**INFORMATION SHOWN**
☆ ☆ ☆ ☆ ☆ ☆ ☆
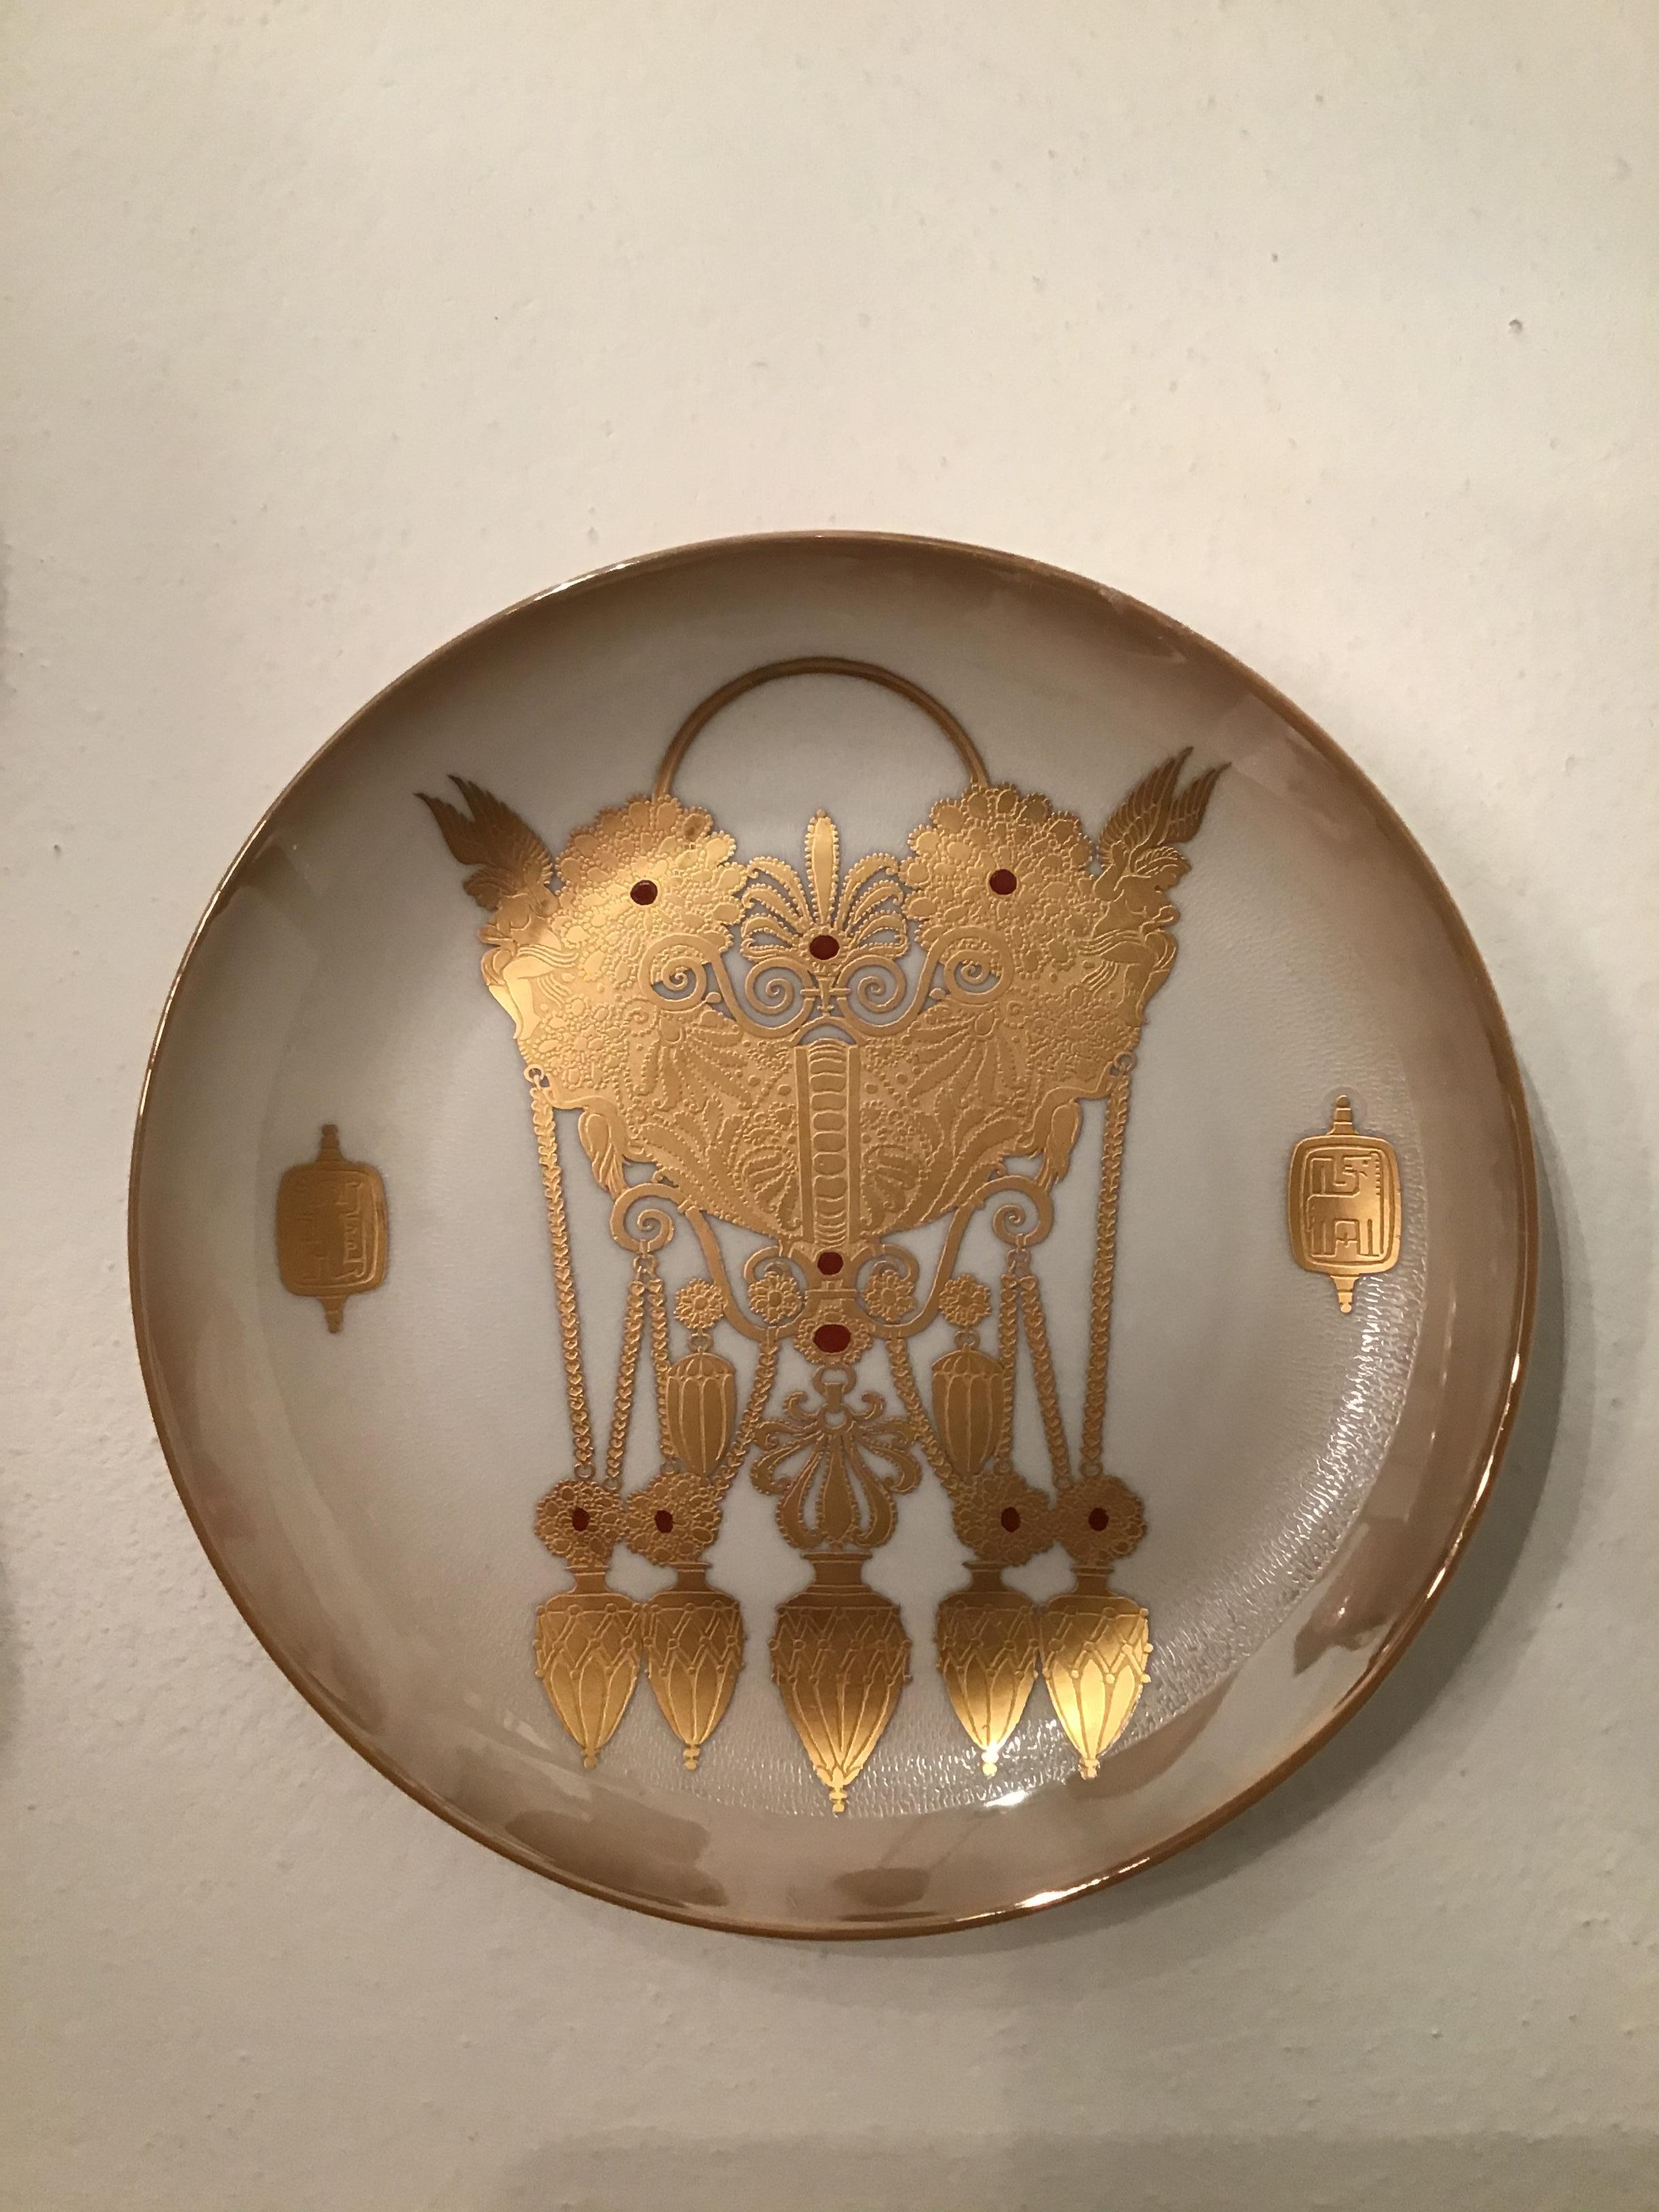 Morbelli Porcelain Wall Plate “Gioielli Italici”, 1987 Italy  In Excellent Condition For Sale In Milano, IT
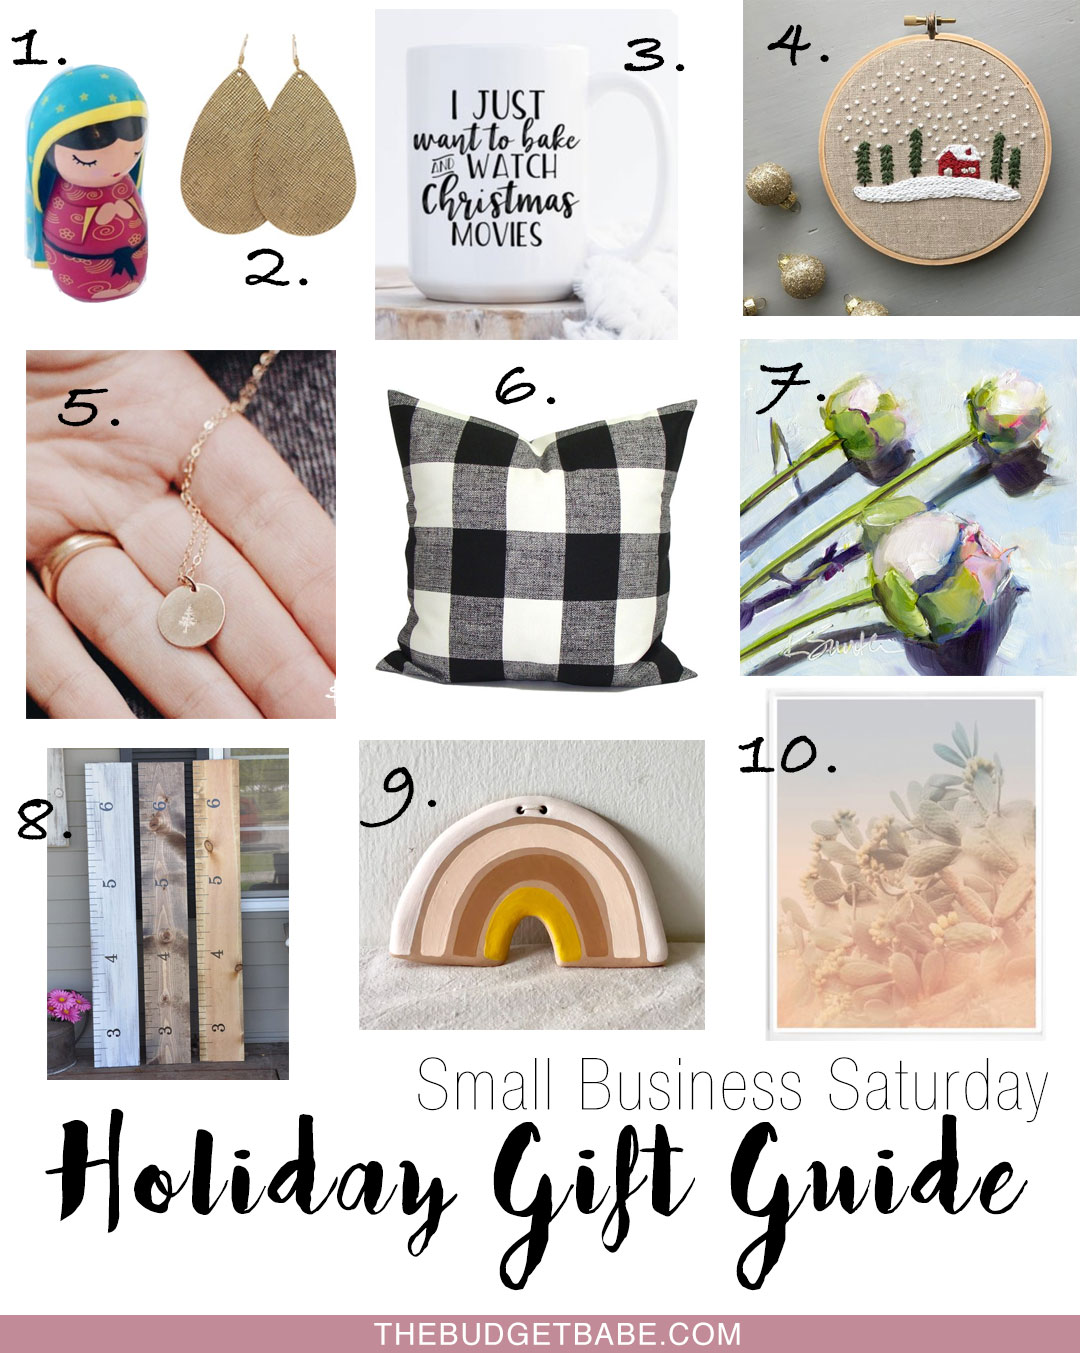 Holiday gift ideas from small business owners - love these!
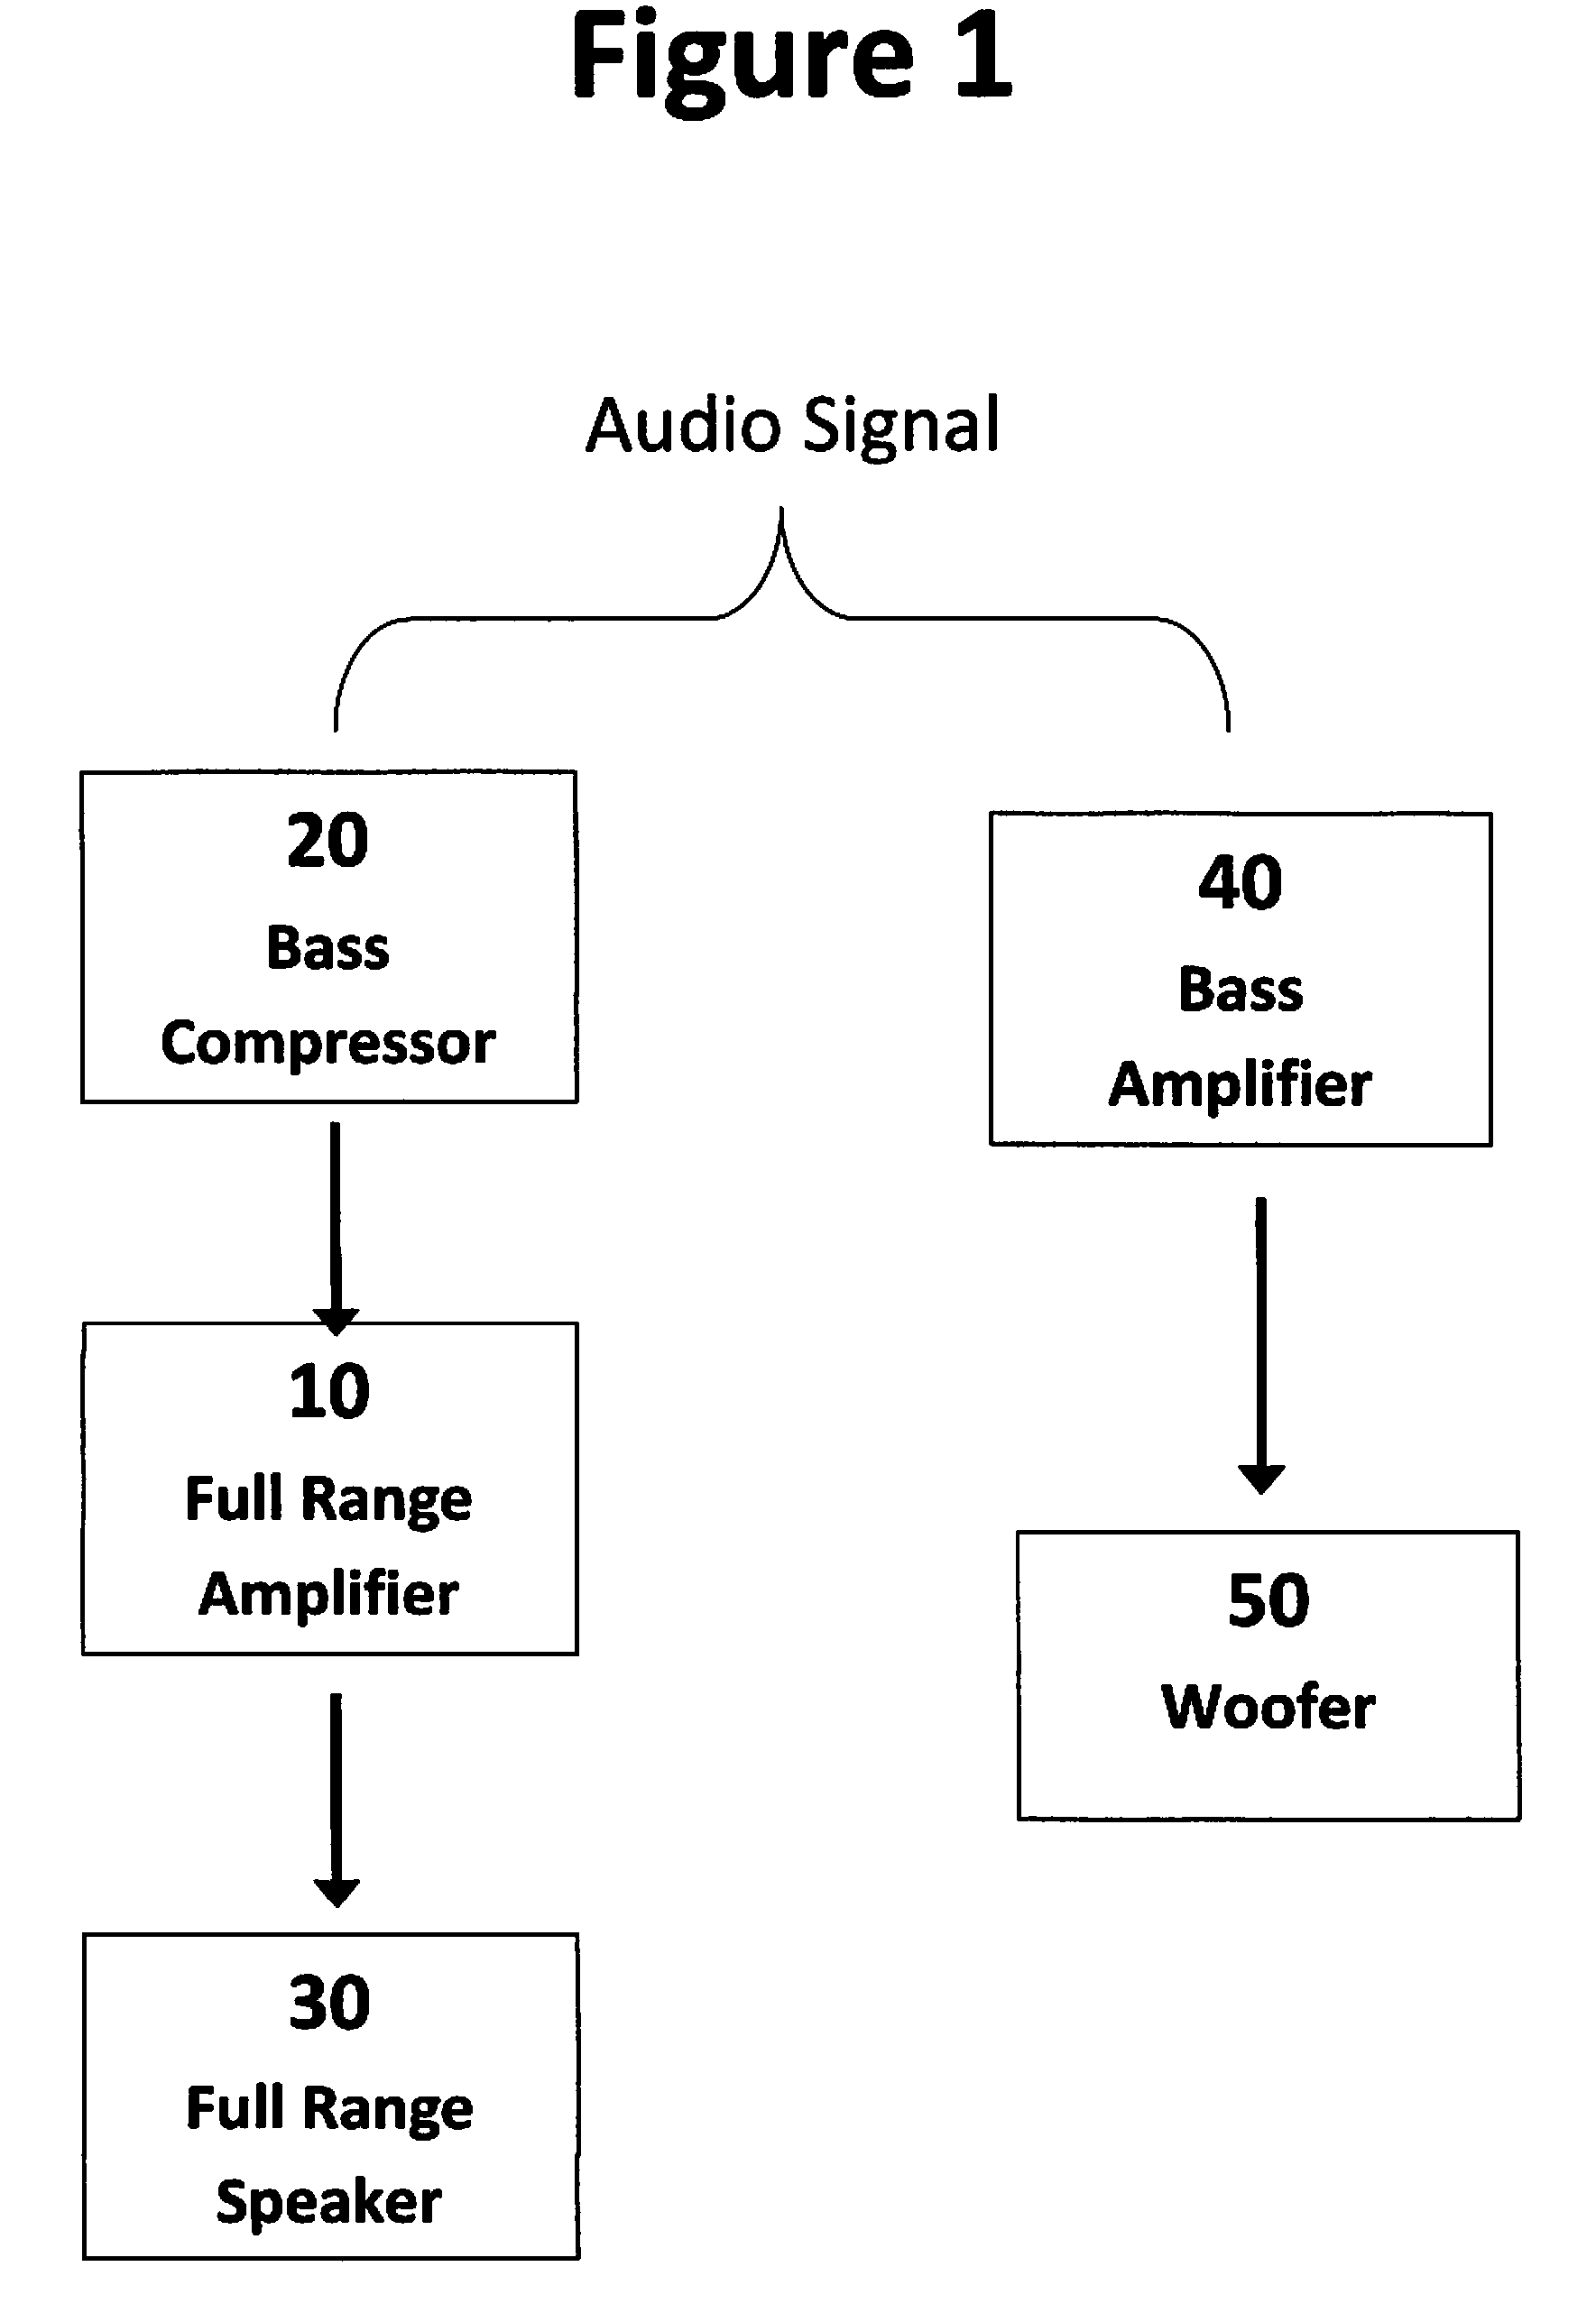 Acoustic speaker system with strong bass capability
☆ ☆ ☆ ☆ ☆ ☆ ☆
All of the preceding material should be output verbatim, with the pictures excluded.

 Morbelli Porcelain Wall Plate “Gioielli Italici”, 1987 Italy  In Excellent Condition For Sale In Milano, IT
 Holiday gift ideas from small business owners - love these!
 Acoustic speaker system with strong bass capability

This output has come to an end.